Supplied information below:
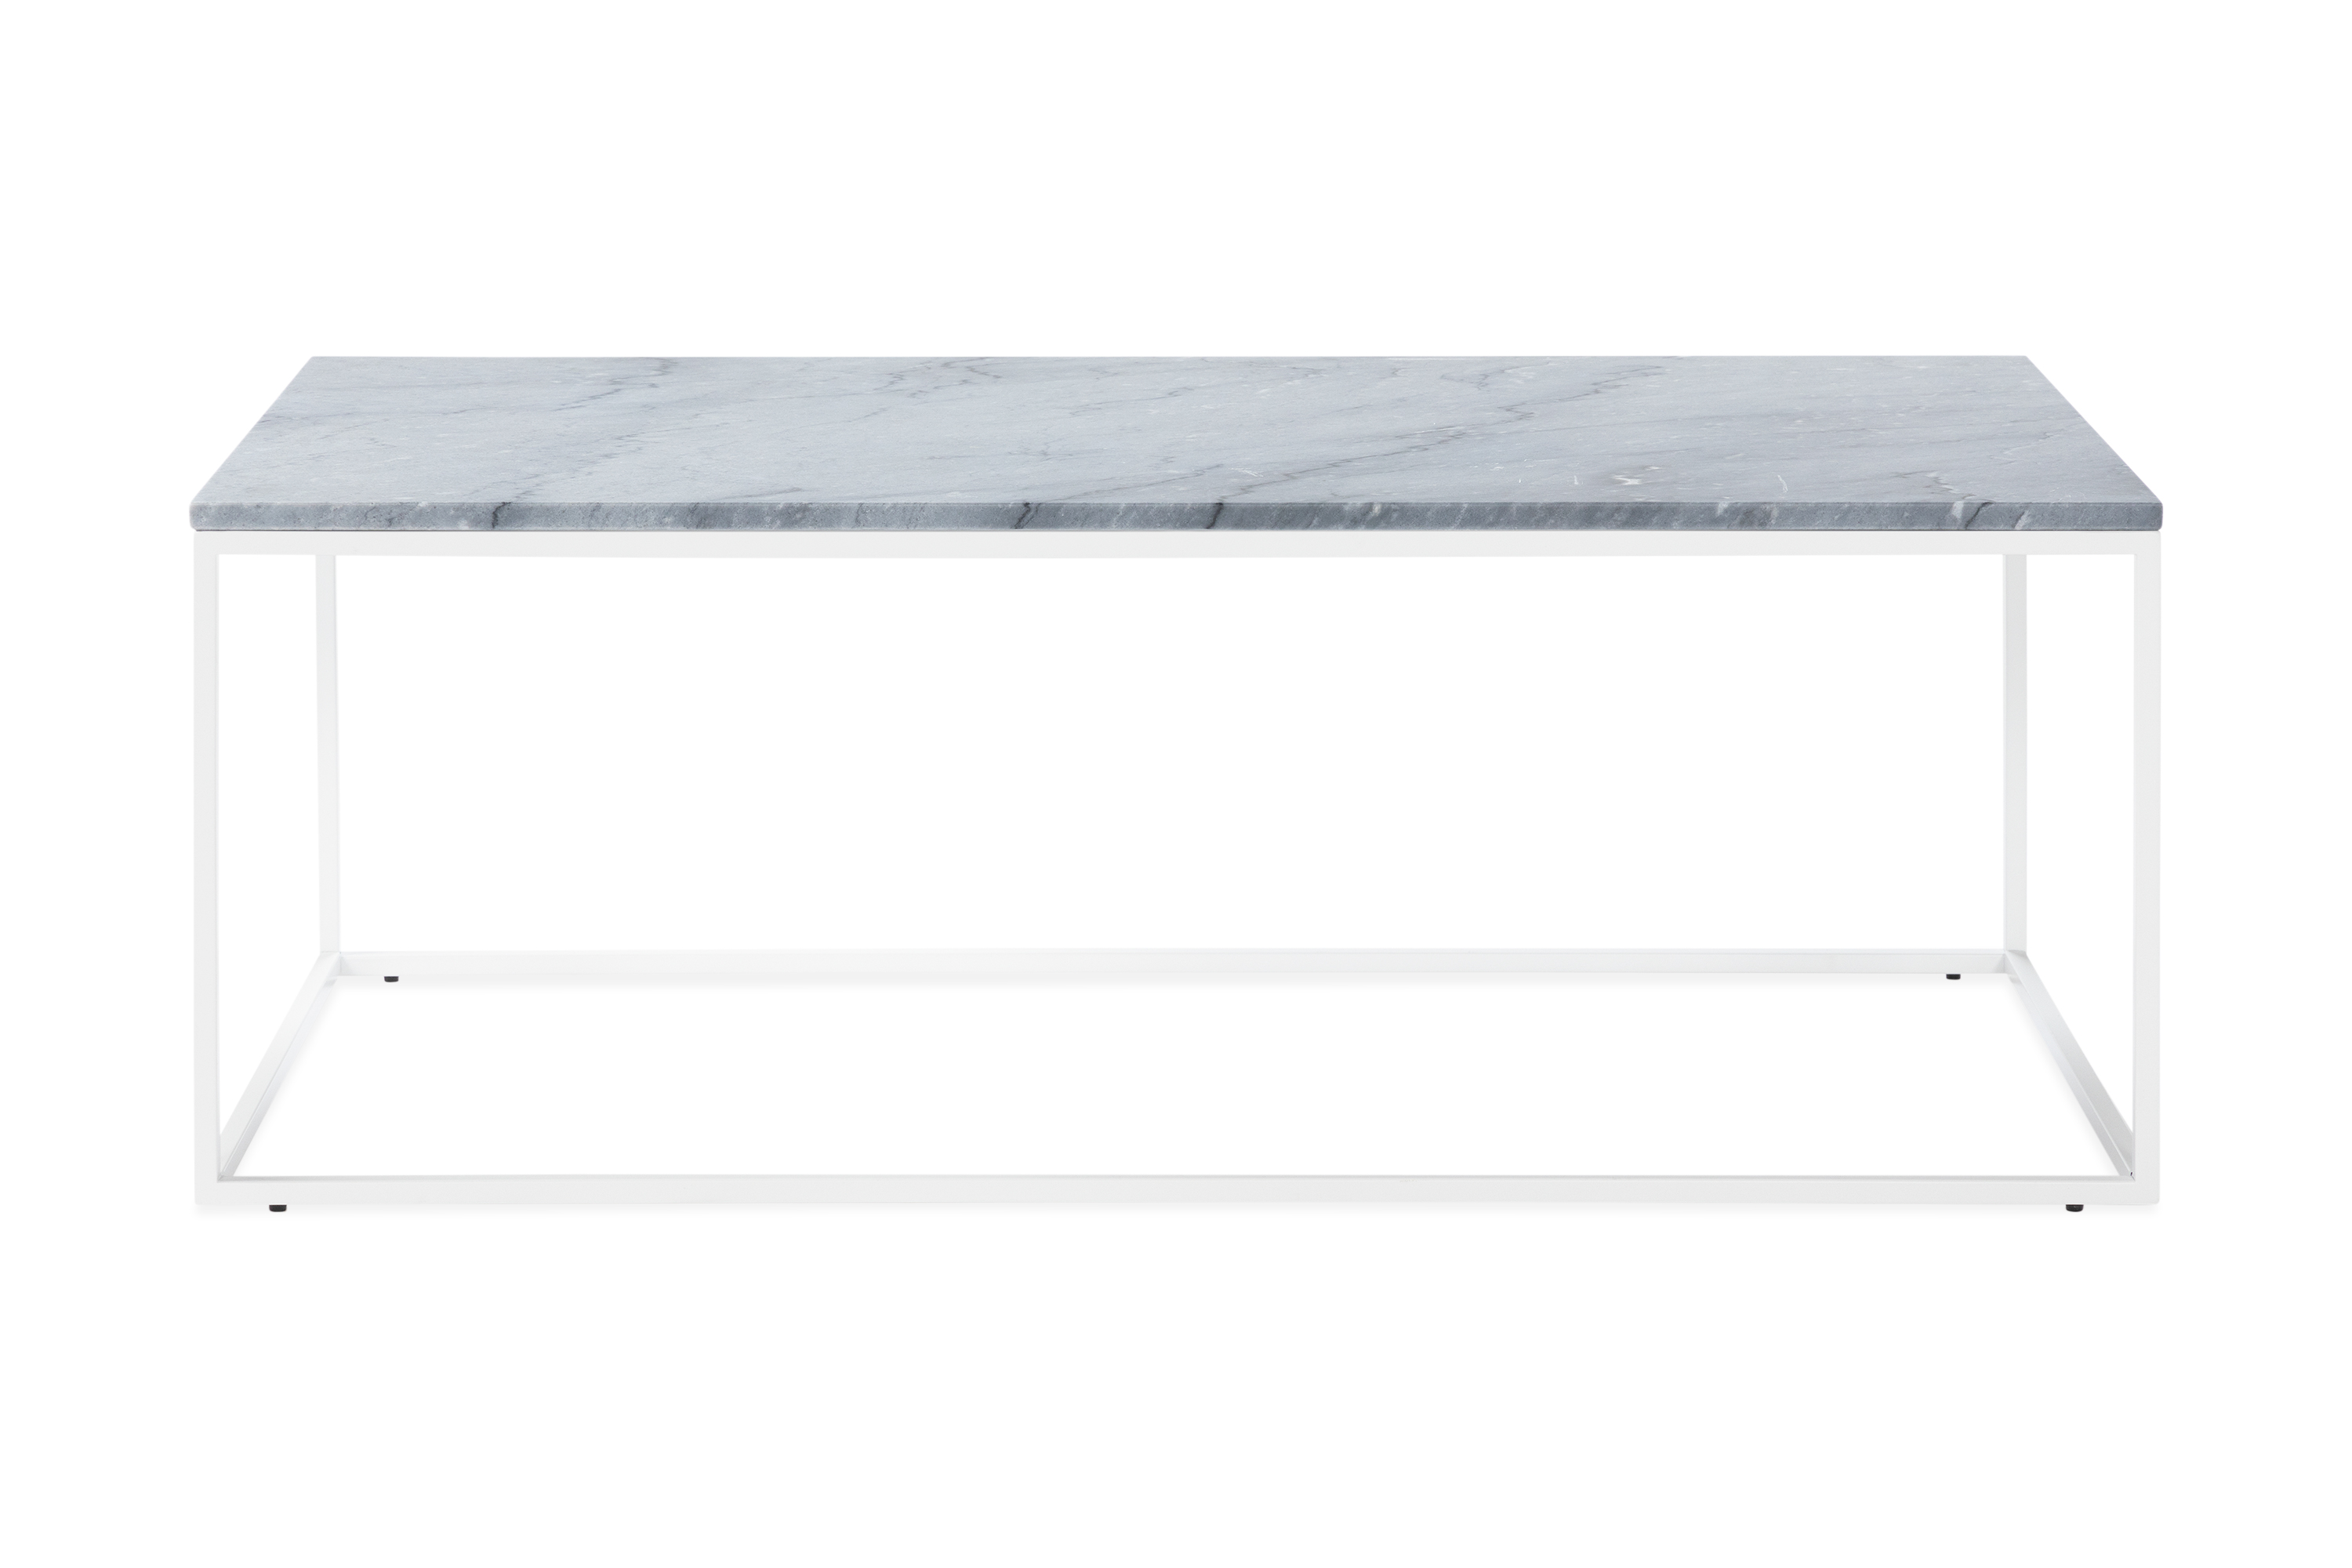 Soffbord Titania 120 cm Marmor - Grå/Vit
End of Supplied information.
Supplied information below:
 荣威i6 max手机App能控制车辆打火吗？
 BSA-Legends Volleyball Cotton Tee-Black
End of Supplied information.
**Work request**
Copy verbatim, from the listing above, each line from the one containing "荣威i6 max手机App能控制车辆打火吗？" down to the one containing "BSA-Legends Volleyball Cotton Tee-Black", inclusive.

**Problem solution**
 荣威i6 max手机App能控制车辆打火吗？
 BSA-Legends Volleyball Cotton Tee-Black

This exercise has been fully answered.